As explained in the MySQL manual, you can specify the encoding of a string literal by prefixing it with the encoding name:
A character string literal may have an optional character set introducer and COLLATE clause:
[_charset_name]'string' [COLLATE collation_name]
It goes on to say:
An introducer is also legal before standard hex literal and numeric hex literal notation (x'literal' and 0xnnnn), or before bit-field literal notation (b'literal' and 0bnnnn).
Therefore (and because MySQL refers to windows-1252 as latin1), you could change your INSERT command to:
INSERT INTO products2 VALUES (25, _latin1 0x5468652044504D203931322069...);
The documentation also states:
For the simple statement SELECT 'string', the string has the character set and collation defined by the character_set_connection and collation_connection system variables.

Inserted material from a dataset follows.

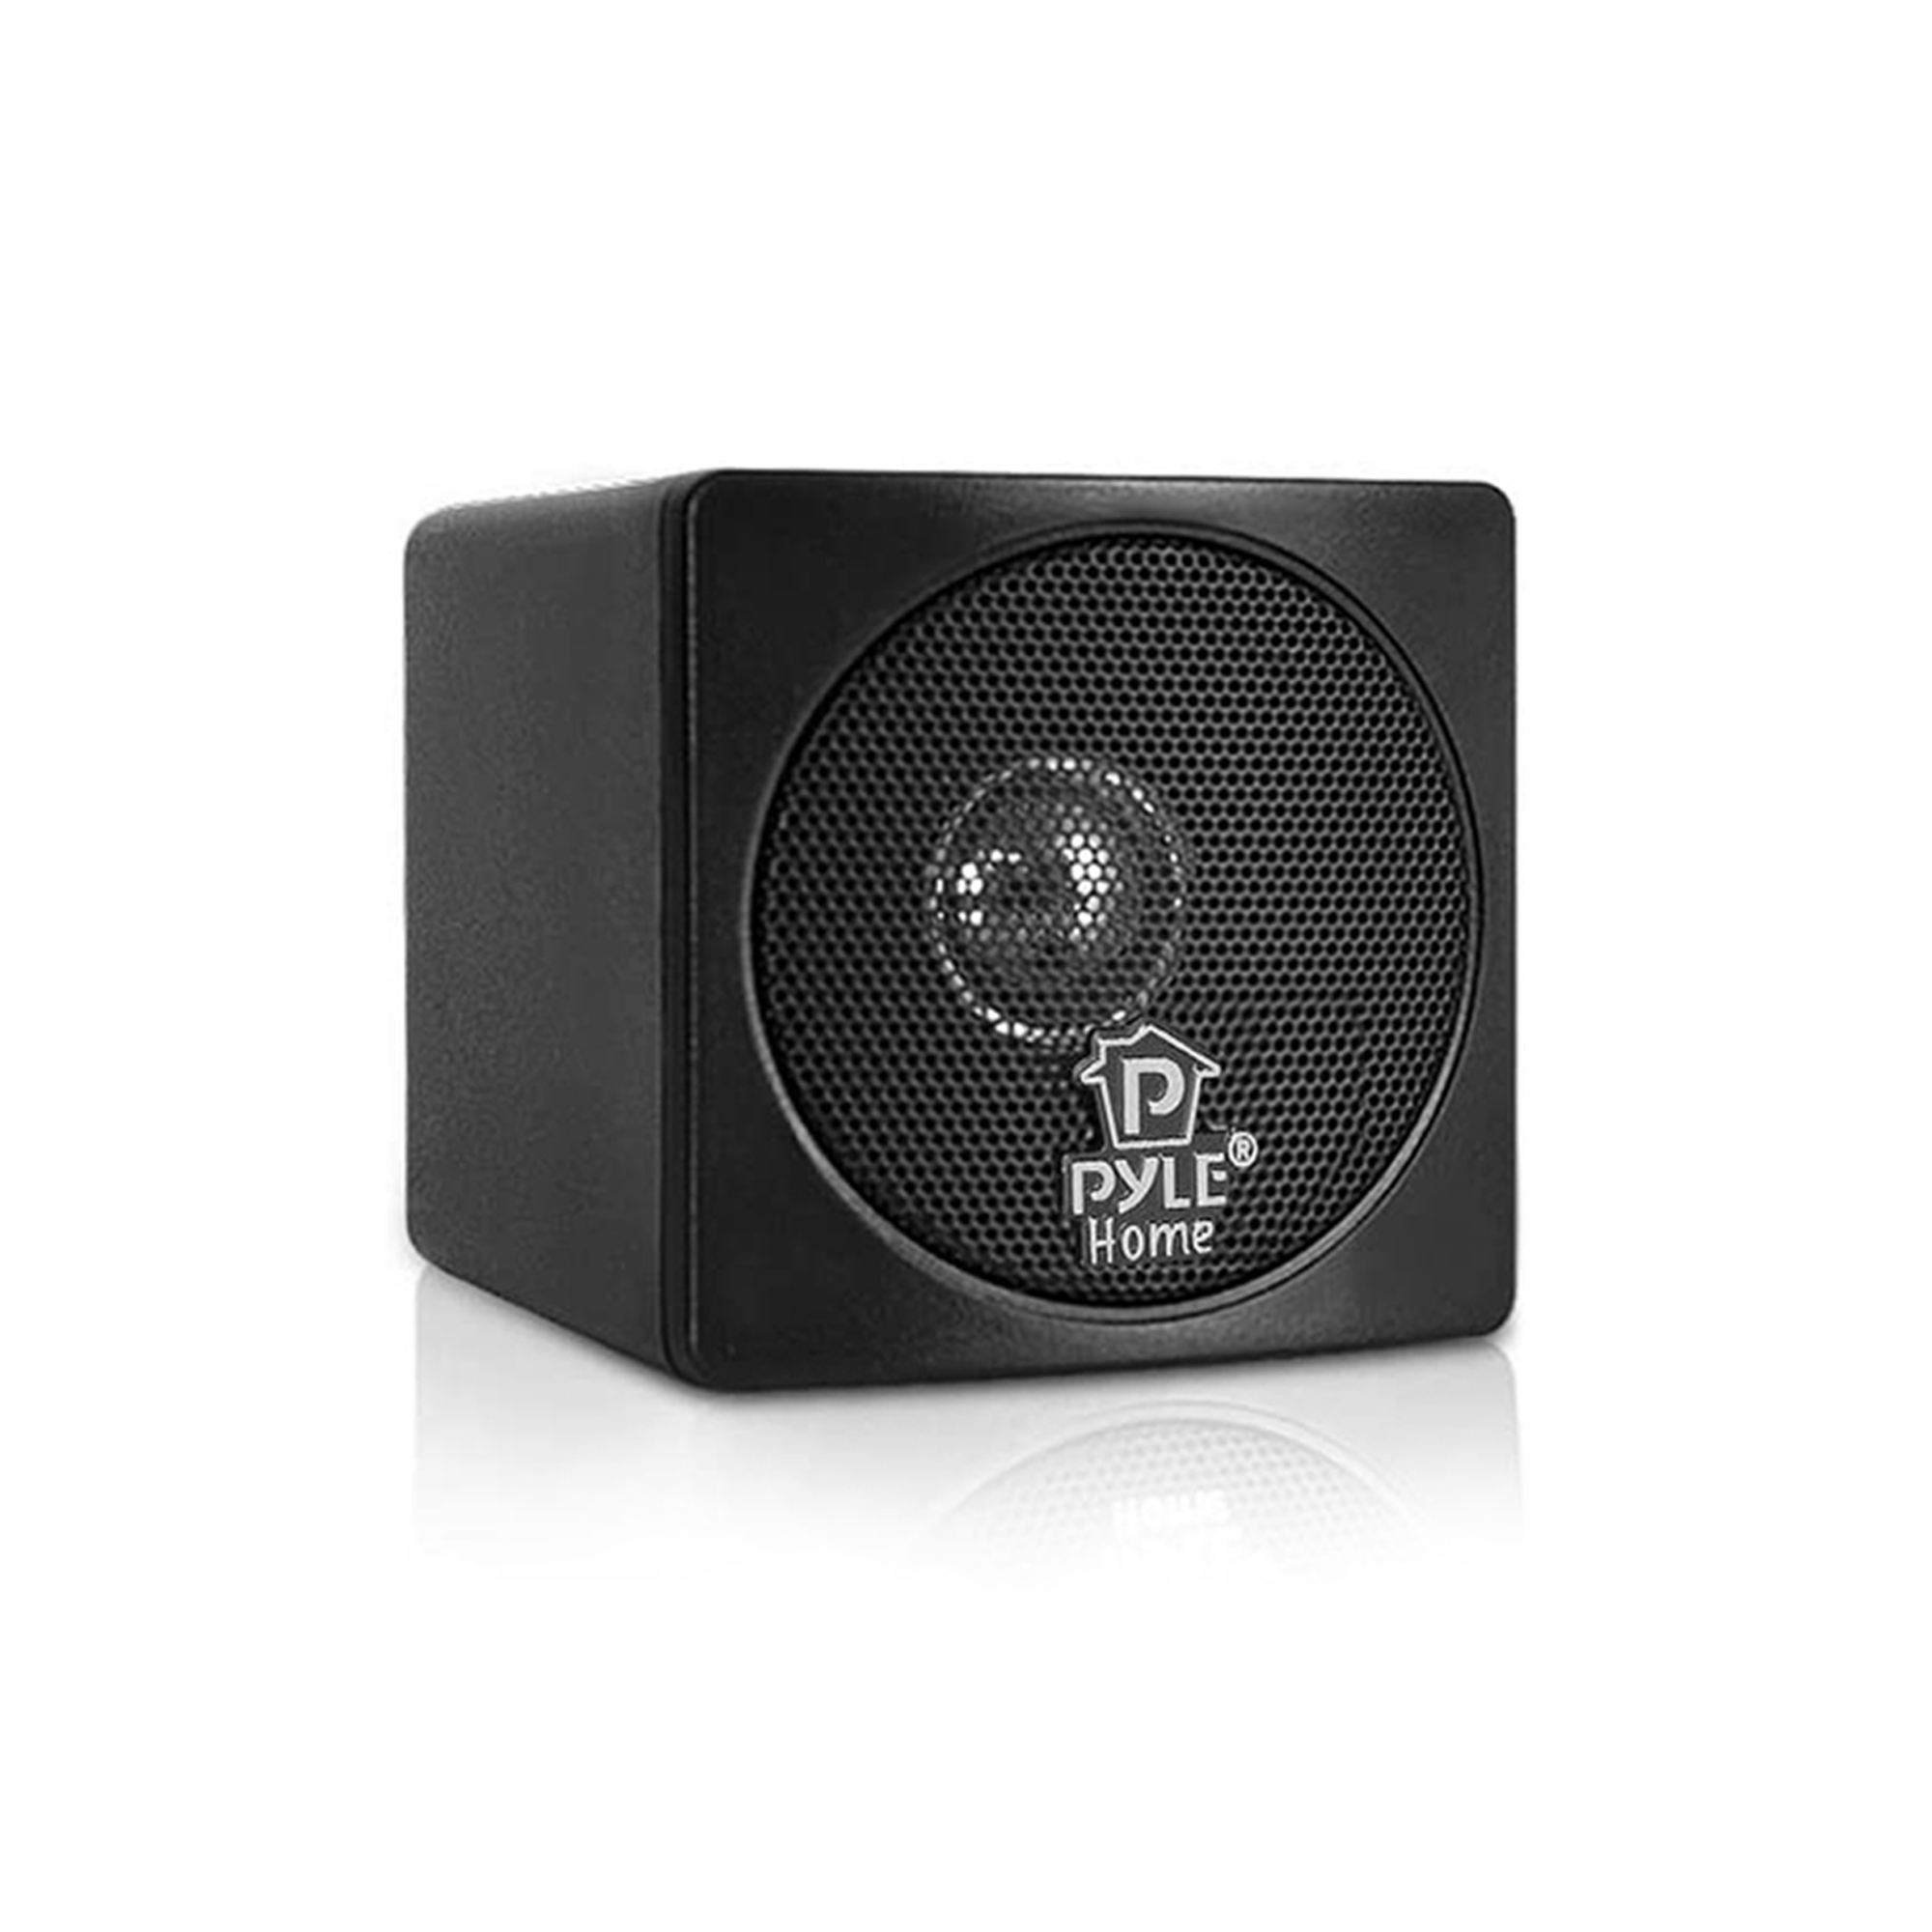 Pyle PCB3BK 3 Inch 100W Mini Cube Bookshelf Stereo Speakers, Black (4 Speakers) - image 2 of 5

That is, if such an introducer is omitted (as it was in your original INSERT statement), the character set is assumed to be that defined by the character_set_connection system variable.
As mentioned here, there are number of ways of setting that variable (including by specifying it when your client connects which, in phpMyAdmin, is set with the [DefaultCharset] configuration option, of which the default was latin1 prior to v3.4, but has been utf8 since - perhaps this change is the origin of your problems; one can also specify the character set of import files with [Import][charset]). If one doesn't specify the desired character set upon connecting, issuing any of these commands after connecting but before your INSERT command will fix it (you could, for example, add one of them to the top of your dump file):
SET NAMES 'latin1';
SET CHARACTER SET latin1;
SET character_set_connection = latin1;
My recommendation, which makes the dumpfile as portable as possible, would be to add SET NAMES 'latin1' to the top of it.